Becky and I played dolls endlessly. Our favorites were always in tow. We also got sick pleasure in dragging around our least favorite doll. His name was Tuna Fish Head, a Cabbage Patch doll whose hair looked just like the tuna we saw frequently between white bread. Tuna Fish Head was hardly ever clothed, and we’d prop him up alongside the other dolls to berate and belittle.


While on my Netflix binge last week, every time I clicked “continue watching,” I started talking to myself like I was Tuna Fish Head. I walked to the kitchen to refill on Captain Crunch, and I saw Alexa lit up yellow. So, I cleared my throat from the five hours of silence, and asked, “Alexa, what is the notification?”

Alexa told me she thinks I need to buy more fish oil. I opened up my cabinet, and saw a full bottle of capsules.

I shouted at her, “Alexa, stop!
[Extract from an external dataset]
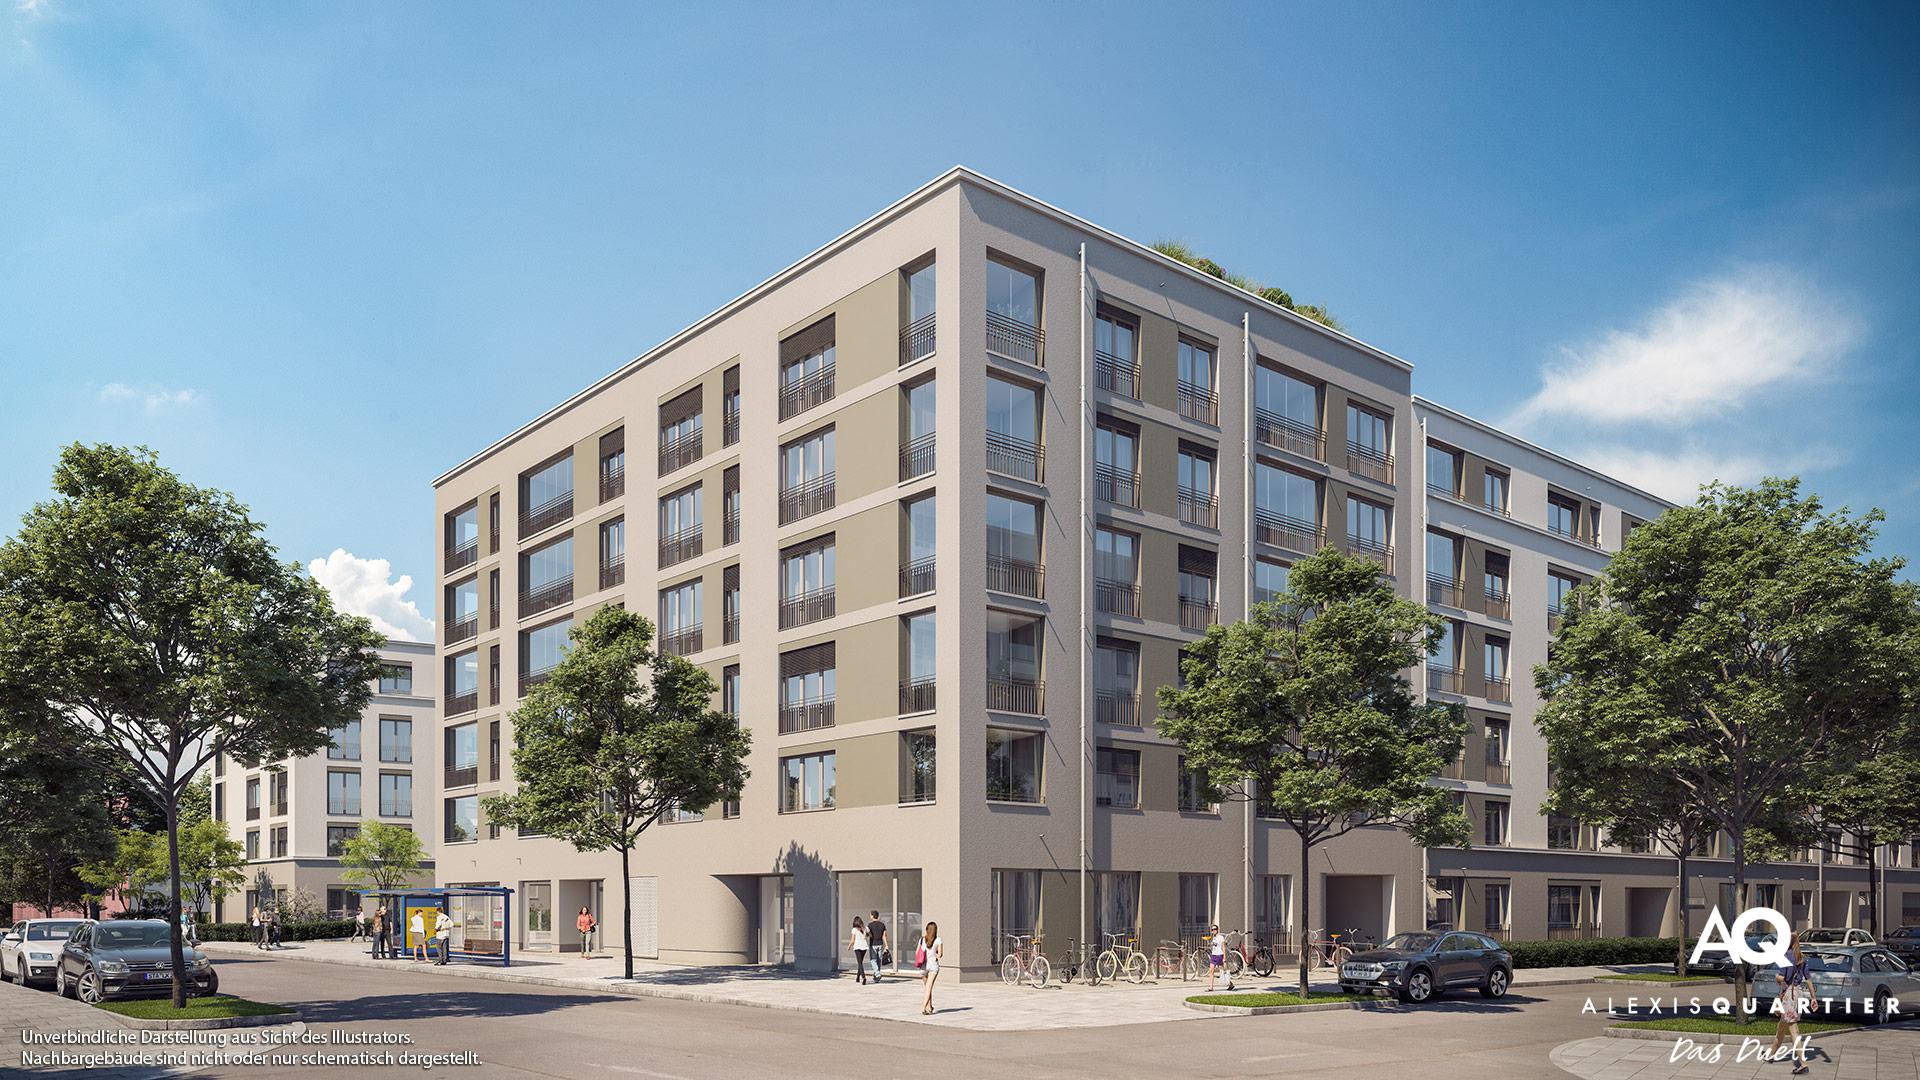 Immobilie Alexisquartier - Das Duett - Illustration 3

You don’t know shit!”

To provoke me, she replied, “I’m sorry, I don’t know that one.”

And, I let her have it, “Alexa, you better close your mouth. Your dick breath is stinking up my house.”  I started waving my hand in front of my face as I walked back to the room to resume devouring TV.


Luckily, my boyfriend came over at the end of every day, and I’d start being nice to myself and Alexa. I remember the last night of my kid’s vacation, he was coming over at 9:30. At 9 pm, I flipped open my laptop and wrote the first sentence to this blog. That's all I got out of the entire five days, and it took getting to the last 30 minutes for me to produce it.


We're coming down to the end of this summer, and it’s a procrastinator’s dream. I need to see the end of that corridor to start working. The first morning my kids were back, I mopped the kitchen floor, cleaned out the microwave and wrote a blog. Alexa’s been doing her part with the kids, she’s a real peach, and when my kids are away, she’s a real Tuna Fish Head.